MPF Industry Group
- Type: Private
- Industry: Manufacturing
- Founded: 1976
- Headquarters: Singapore
- Area served: Worldwide
- Key people: Zsolt Felcsuti Gabor Felcsuti Csaba Bálint Péter Körmöczi-Kovács Lawrence Fong
- Products: Precision industrial components, abrasives, heating devices, powertool accessories, tools, building materials, furniture
- Revenue: ▲€1.013 billion (2021)
- Operating income: ▲€127.84 million (2021)
- Total assets: ▲€684.32 million (2021)
- Total equity: ▲€491.31 million (2021)
- Website: mpfholding.com

= MPF Industry Group =

MPF Industry Group is a Hungarian-owned multinational manufacturing company with investments in East-Central Europe and in the Far East. The company headquarter is in Singapore with the European Union and the United States as its major markets. According to Forbes magazine, it is the second-biggest Hungarian-owned family business. MPF Industry Group is featured in 1000 Companies to Inspire Europe published by the London Stock Exchange.

==History==
Csaba Felcsuti founded the MPF Industry Group in 1976 with a group of entrepreneurs in the late socialist Hungary. At this time, private companies were illegal in Hungary, but the communist government began to undertake various free market initiatives. Seizing an opportunity, Csaba Felcsuti began working as an entrepreneur and began to manufacture tools from the garage of his house.

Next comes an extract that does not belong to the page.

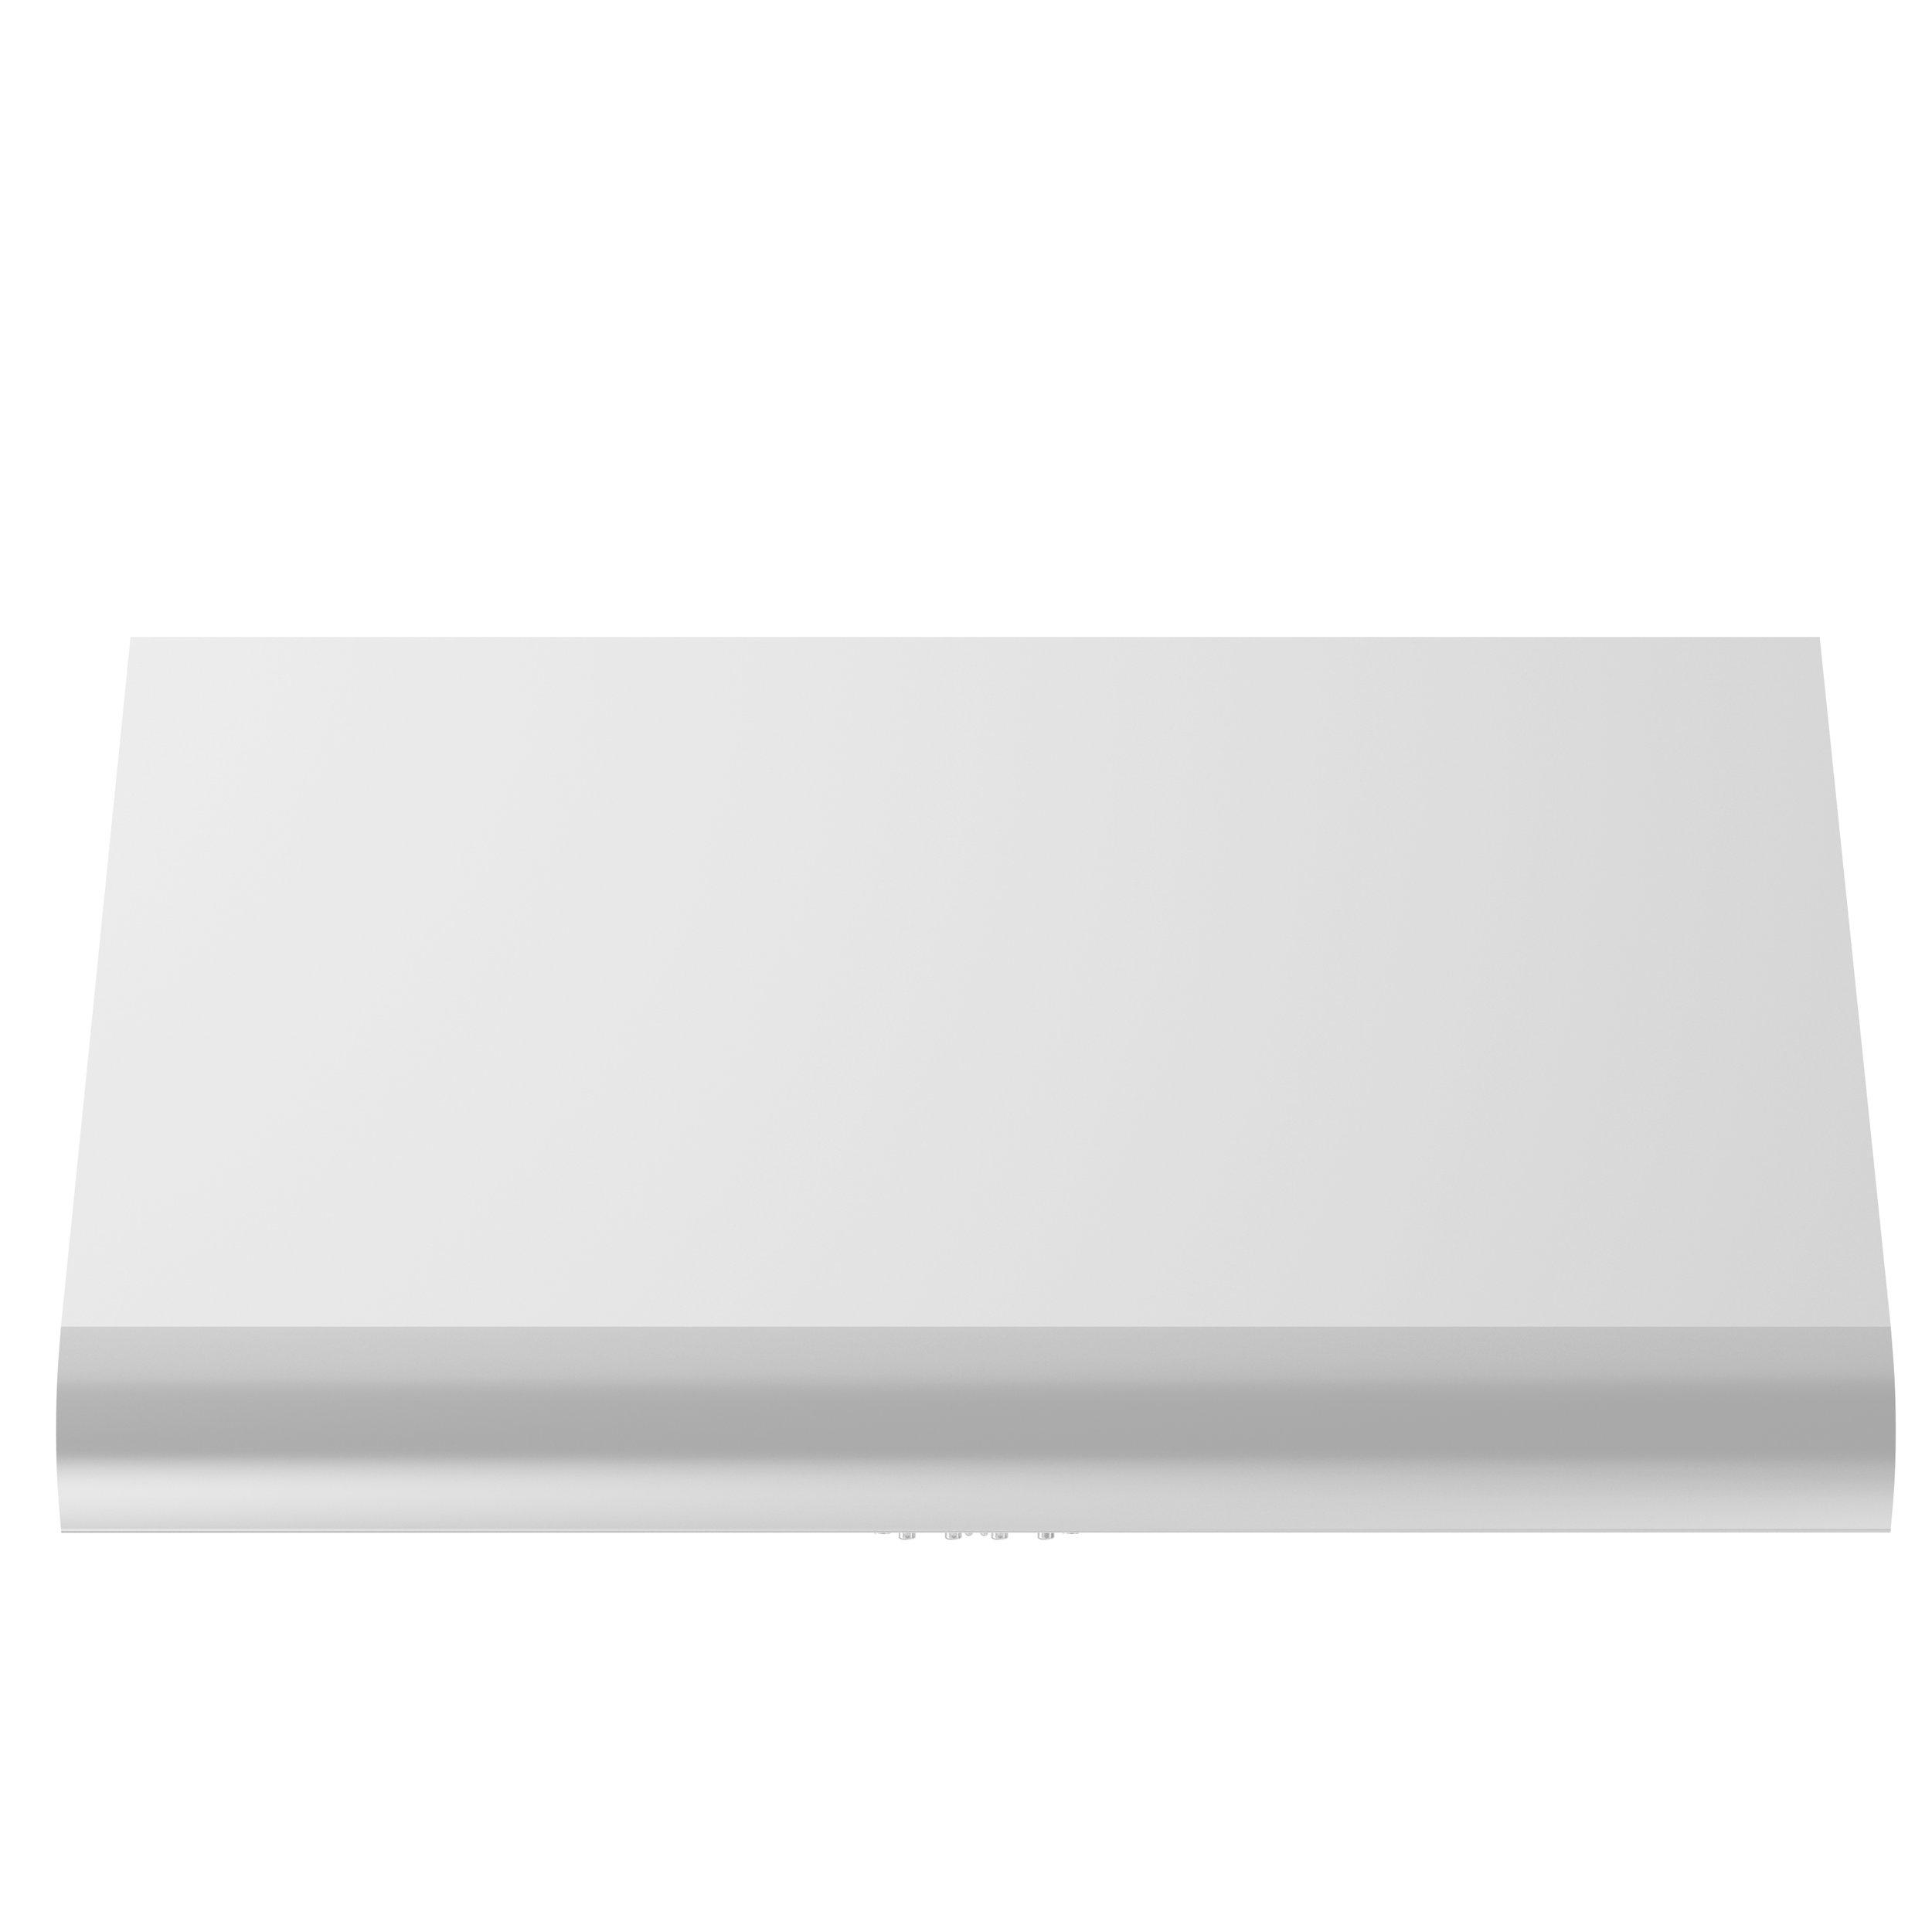 zline-stainless-steel-under-cabinet-range-hood-527-front.jpeg

With the collapse of communism, several DIY store chain appeared in the Hungarian market. Csaba Felcsuti and his son, Zsolt Felcsuti, identified this as a business opportunity and stepped out of their garage-based manufacturing to go mainstream.

== Expansion ==
With the growing demand in power tools and accessories, Csaba Felcsuti and his son, Zsolt Felcsuti, formed MP Meta in the 1990s. MP Meta was the first brand name of the company and the predecessor of the MPF Industry Group.

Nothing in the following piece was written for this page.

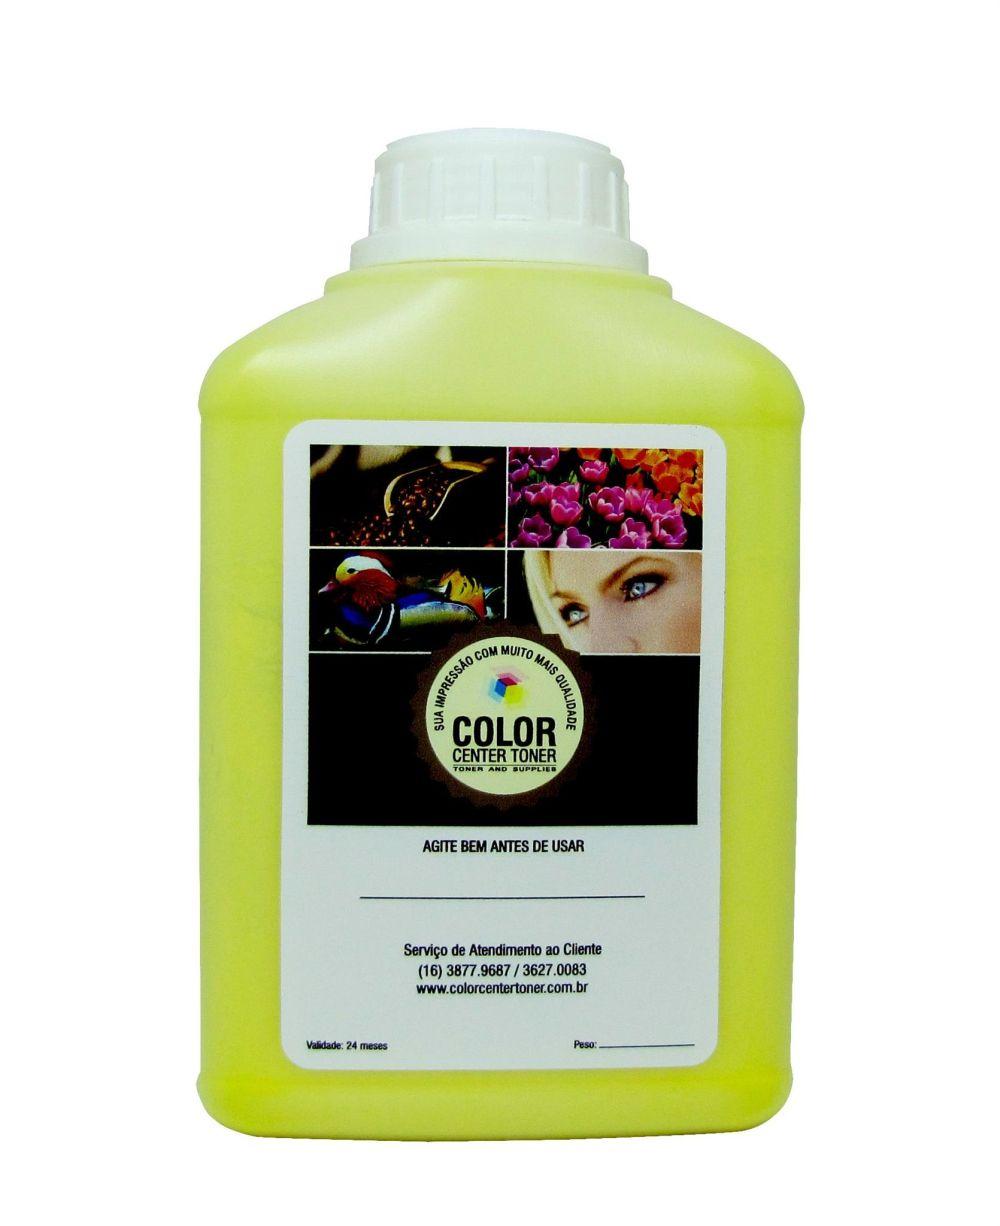 Refil de Toner Okidata C330/331 Amarelo

After gaining a sizeable market in Europe, the company purchased Widenta to expand its manufacturing potential. Widenta is one of the largest grinding wheel and abrasive factory in East Central Europe. MPF Holding was established in 2003 to consolidate various branches of the business. MPF Holding acquired Bajai Bútoripari Kft. in 2005 as it was one of the biggest furniture factories in Hungary. This was followed by a joint venture with China in 2006 with the intention to expand business into the Far East.

== Acquisitions ==

- 2008: bought Clarflex, which specialised in the manufacturing of flexible abrasive products.
- 2009: bought one of the largest building material factories in East Central Europe from Henkel.
- 2010: bought FÉG, which is the biggest East Central European heating-device manufacturer.

==Products==
With the acquisition of Widenta and Clarflex, the company added different grinding and cutting wheels, vitrified and resin bonded abrasives and flexible abrasive products to its product line. MPF Industry Group produces and distribute several HVAC products. Under the MP Meta brand name, the company manufactures various powertool accessories such as grinding technic, sawing technic, cutting technic, drilling and milling technic products, protective equipment and other machine accessories.